April 17, 2012 - 12:47 pm

BY WESLEY P. HESTER

With no fanfare or promotion, Republican U.S. Senate candidate George Allen seemed to quietly endorse former Massachusetts Gov. Mitt Romney on Monday night at a meeting of the Northern Virginia Young Republicans Meeting in Arlington.

“I hope to be in the U.S. Senate and I hope Mitt Romney’s our next president,” Allen said at the gathering.

Previously, Allen’s campaign had said the former governor who is looking to win back the senate seat he lost in 2006 would not make an endorsement in the presidential primary.

Romney is now the presumptive nominee after former Pennsylvania Sen. Rick Santorum, a close friend of Allen’s in the senate, dropped out of the race last week.

Allen’s campaign has not yet released any formal endorsement, but spokeswoman Katie Wright said Tuesday: “The statement speaks for itself, he hopes to earn the right to serve Virginia in the U.S. Senate and he hopes that Mitt Romney is our next President.”

The presidential race in Virginia, a critical swing state, will likely play a crucial role in the U.S. Senate race. Allen and Republicans have spent more than a year tying Democratic nominee Timothy M. Kaine to President Barack Obama.

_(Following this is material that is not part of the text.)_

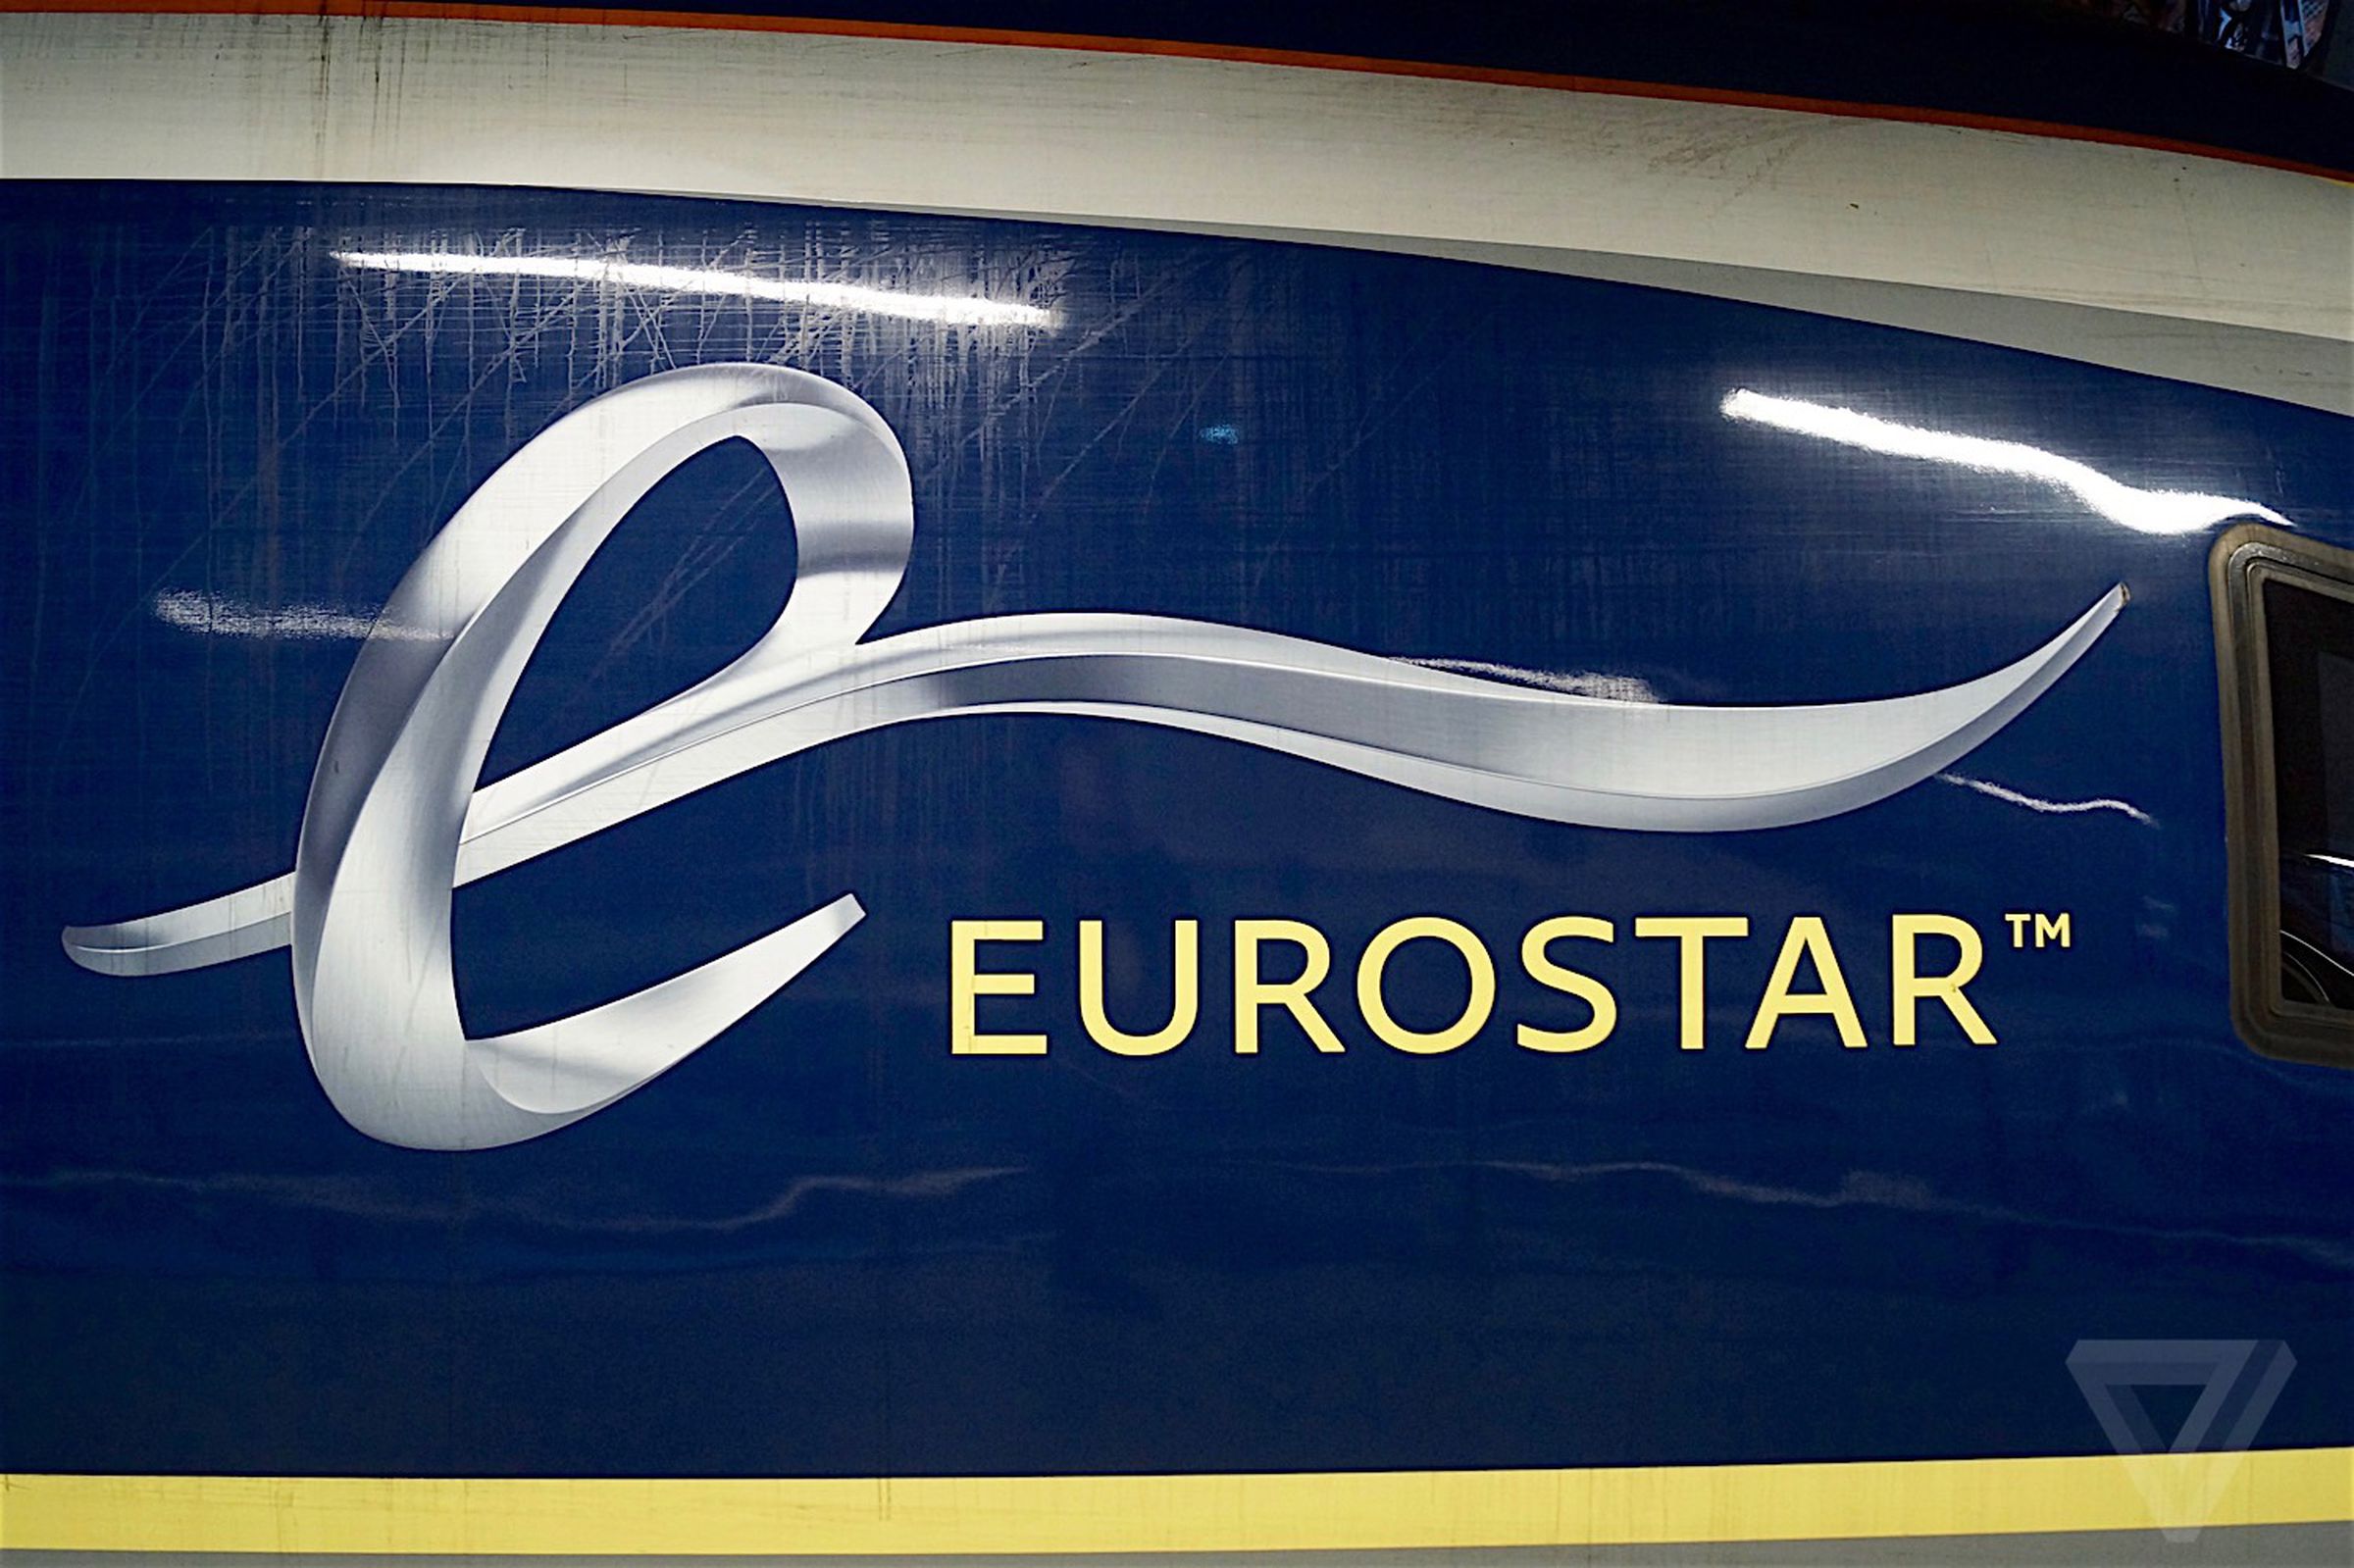 Eurostar e320 trains

Kaine, a former governor and friend of the president’s, served as Democratic National Committee chairman until he entered the race last year.

Allen is the front-runner for the GOP nomination but faces competition from Del. Robert G. Marshall, R-Prince William, Chesterfield County tea party leader Jamie Radtke and Chesapeake minister E.W. Jackson.

A series of Republican debates begins next weekend in Roanoke.

Democrats leapt at the soft endorsement, asking where Allen stood on the Lilly Ledbetter Fair Pay Act, a law that helps women hold accountable employers who discriminate in the pay practices based on gender.

Romney said in an interview last night that he would not alter the bill, but declined to say whether he would have signed it.

“Allen should explain why he finds it easier to endorse Mitt Romney than he does standing up for the basic concept that women should receive equal pay for equal work,” said Del. Jennifer L. McClellan, D-Richmond.

Democrats are hoping to maintain the wide advantage they now enjoy here and across the country with women.